総務省(2017年12月26日公表)無線システム普及支援事業費等補助金「公衆無線LAN環境整備支援事業」申請の手引きより

防災避難所に指定されている中央公園の体育館

認証ゲートウェイ機器(FS-R600DHP)、PoEスイッチ(BS-GS2008P)、
無停電電源装置などは、管理室の機材収納ボックスに収められている。
ここから体育館の「WAPM-2133TR」までは、
通信と電源供給を兼ねた1本のLANケーブルのみで接続されている

無線LANアクセスポイントは、設置場所の広さと屋外/屋内のいずれかによって機種を選定。鹿屋市体育館には「WAPM-2133TR」が設置された。1台でバスケットボールコート2面分の広大な体育館の隅々まで電波が届き、最大384台の端末を同時に接続・通信できる。

鹿屋市公衆Wi-Fiネットワーク構成図

効果

市民に認知・利用されつつある公衆Wi-Fi

大隅地域の各自治体が展開する公衆Wi-Fiの連携を模索

追加設置の要望に応えさらなる拡充を検討

公衆Wi-Fiの利用状況と、今後のICT活用の展望について語る中尾氏

公衆Wi-Fi導入以降、リナシティかのやのフリールームでは、高校生がWi-Fiを利用する姿が見られるようになりました。利用目的の大半はモバイル回線利用料の節約であり、公衆Wi-Fiの存在が市民に少しずつ認知され、利用され始めています。

「民間でも公衆Wi-Fiを備えた施設・店舗が増えていますので、相乗効果でWi-Fi利用者は増えていくと思います。第1期・第2期の対象から漏れた施設に追加設置してほしいという意見も届くようになっていますので、今後はそういった市民の声に応えながら、公衆Wi-Fiの拡充を進めていきたいと考えています。」(中尾氏)

周辺地域との規格統一で、より便利な公衆Wi-Fiに

鹿屋市を含む大隅半島の4市5町は、互いに連携しながら
大隅地域の振興・発展に取り組んでいる。公衆Wi-Fiについても、
今後規格を統一し、シームレスに利用できる環境づくりを検討している

鹿屋市では、近隣の自治体との連携も視野に入れながら、公衆Wi-Fiのより有効な活用方法を模索しています。
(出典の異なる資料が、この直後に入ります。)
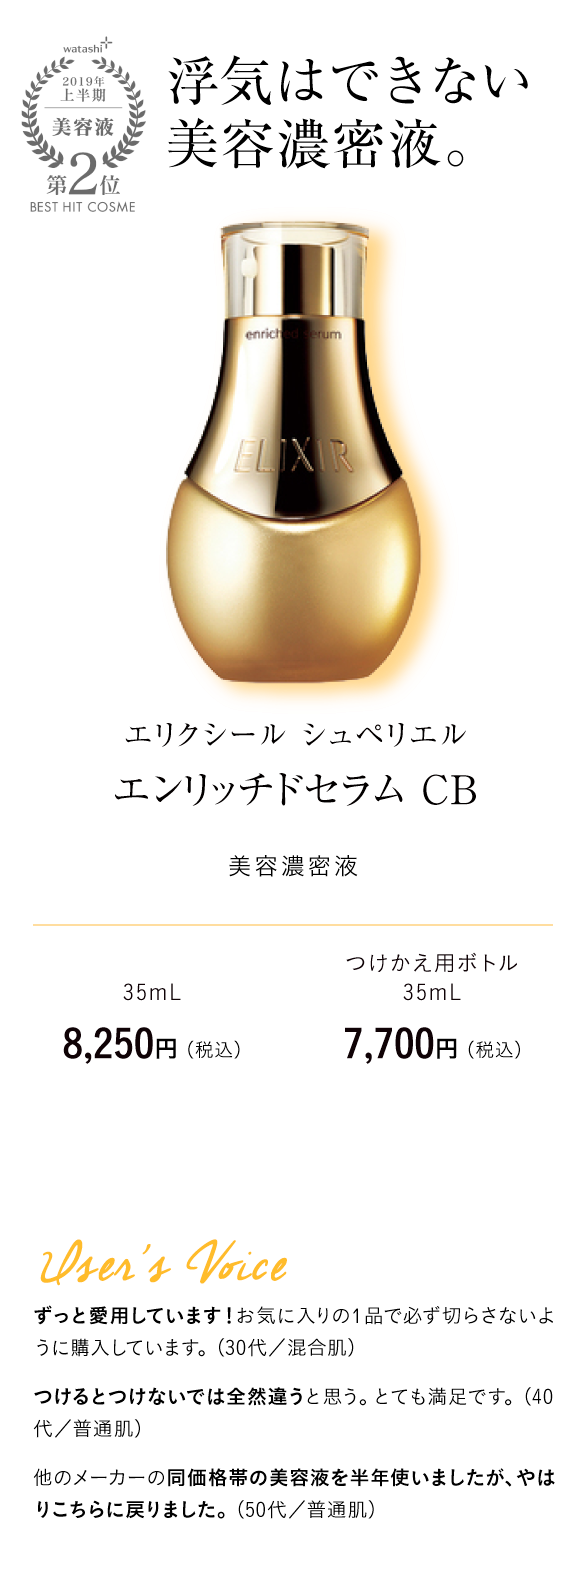 watashi+2019年上半期美容液第2位BEST HIT COSME 浮気はできない美容濃密液。 エリクシール シュペリエル エンリッチドセラム CB 美容濃密液 35mL　8,250円 （税込） つけかえ用ボトル35mL 7,700円 （税込）User's Voice ずっと愛用しています！お気に入りの1品で必ず切らさないように購入しています。（30代／混合肌）つけるとつけないでは全然違うと思う。とても満足です。（40代／普通肌）他のメーカーの同価格帯の美容液を半年使いましたが、やはりこちらに戻りました。（50代／普通肌）

「大隅半島には、鹿屋市の他、肝付町、東串良町、大崎町、錦江町、南大隅町、志布志市、垂水市、曽於市の8つの自治体があり、常に情報交換を行い、連携しながら、大隅地域の振興と発展を目指しています。公衆Wi-Fiについては、これまで各自治体が独自に事業を進めてきましたが、これを統一していく方向で現在検討を進めています。SSIDと認証方法を統一すれば、一度認証するだけでどの地域でもシームレスに公衆Wi-Fiが利用できるようになり、市民・町民にとっても、観光客にとっても大変便利になります。今後はさらに観光やPRなど、公衆Wi-Fiの新たな活用方法を模索しながら、高齢者の見守りや農業、獣害対策など、様々な分野にICTを活用し、市民サービスの向上と地域の課題解決につなげていきたいと考えています。」(中尾氏)


取材後記

防災Wi-Fiは非常用持ち出し袋と同じで、平常時は使われず、災害が起きて初めて役立つもの。そうした考えから導入が先延ばしになっている自治体も多いことと思います。鹿屋市のように平常時にも利用する前提で公衆Wi-Fiを導入すれば、費用対効果が高まり、より導入がしやすくなるのではないでしょうか。IoTの進化に伴い、Wi-Fiの用途は今後さらに拡がっていきます。防災Wi-Fi導入を検討される際には、防災以外の公衆Wi-Fiの活用方法についても併せてご検討されることをお勧めします。